#### DATA SECTION:
════════════════════

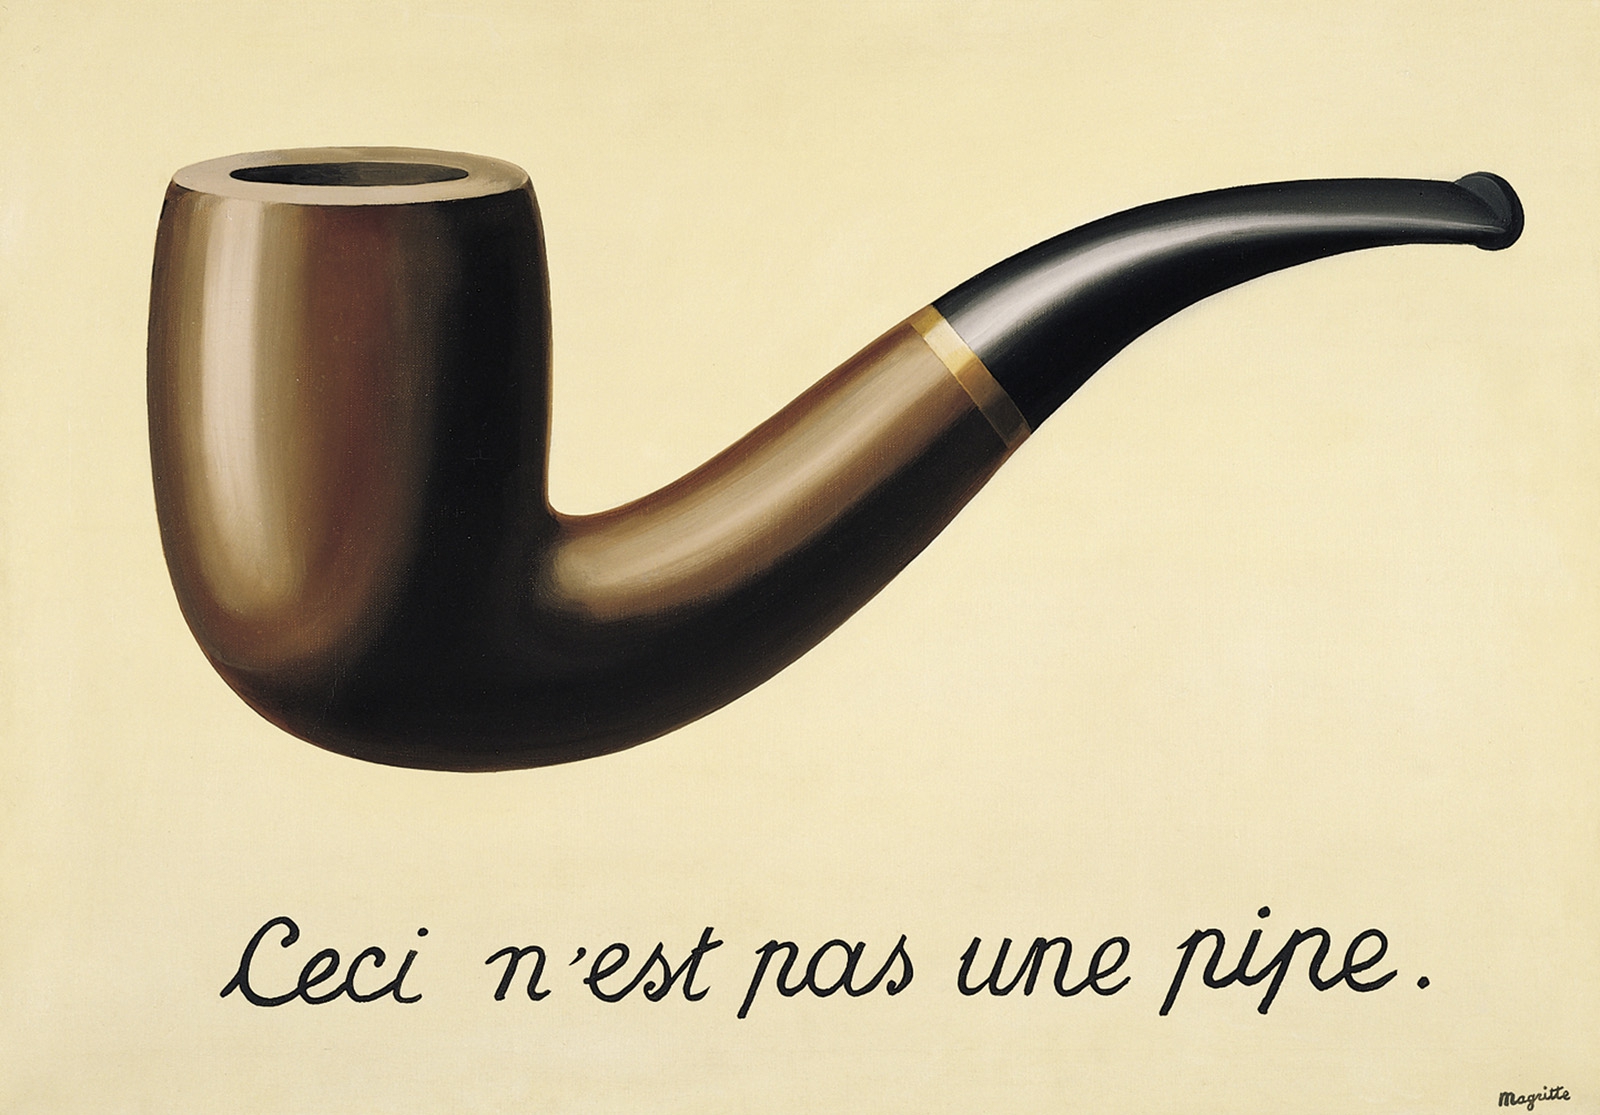 Rene Magritte, "To nie jest fajka", 1929
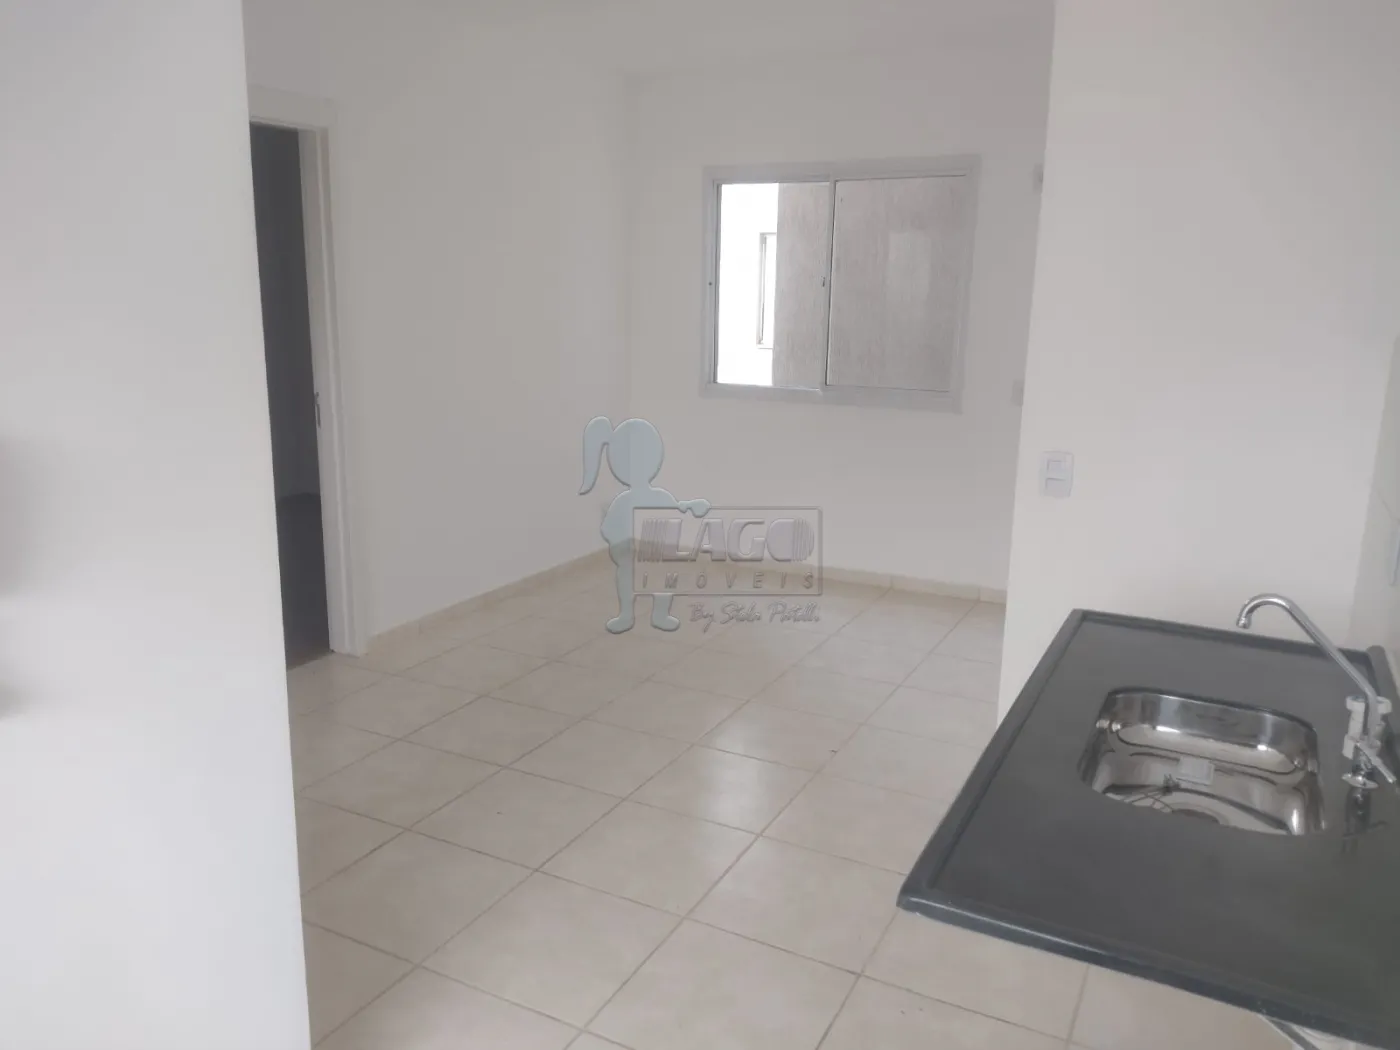 Comprar Apartamentos / Padrão em Ribeirão Preto R$ 133.000,00 - Foto 3
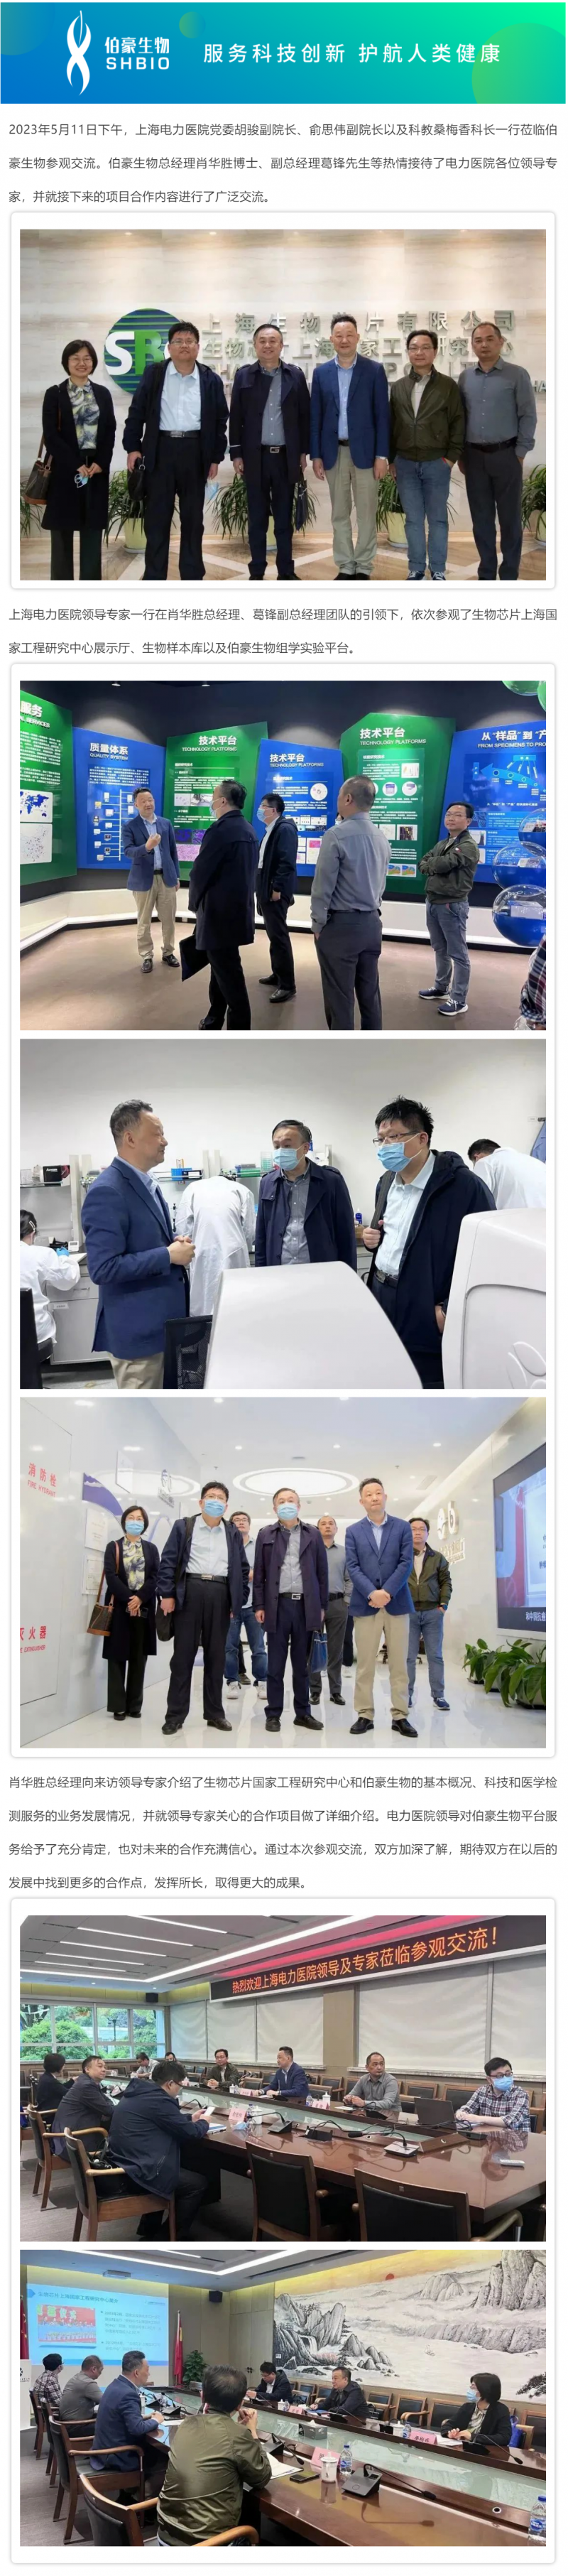 热烈欢迎上海电力医院领导和专家莅临参观交流

════════════════════

#### DIRECTIONS FOR THIS TASK:
Transcribe every line from the one containing "Comprar Apartamentos /" to the end of the listing, exactly and exclusively. Do not carry any picture over.

#### RESPONSE AREA:
 Comprar Apartamentos / Padrão em Ribeirão Preto R$ 133.000,00 - Foto 3
 热烈欢迎上海电力医院领导和专家莅临参观交流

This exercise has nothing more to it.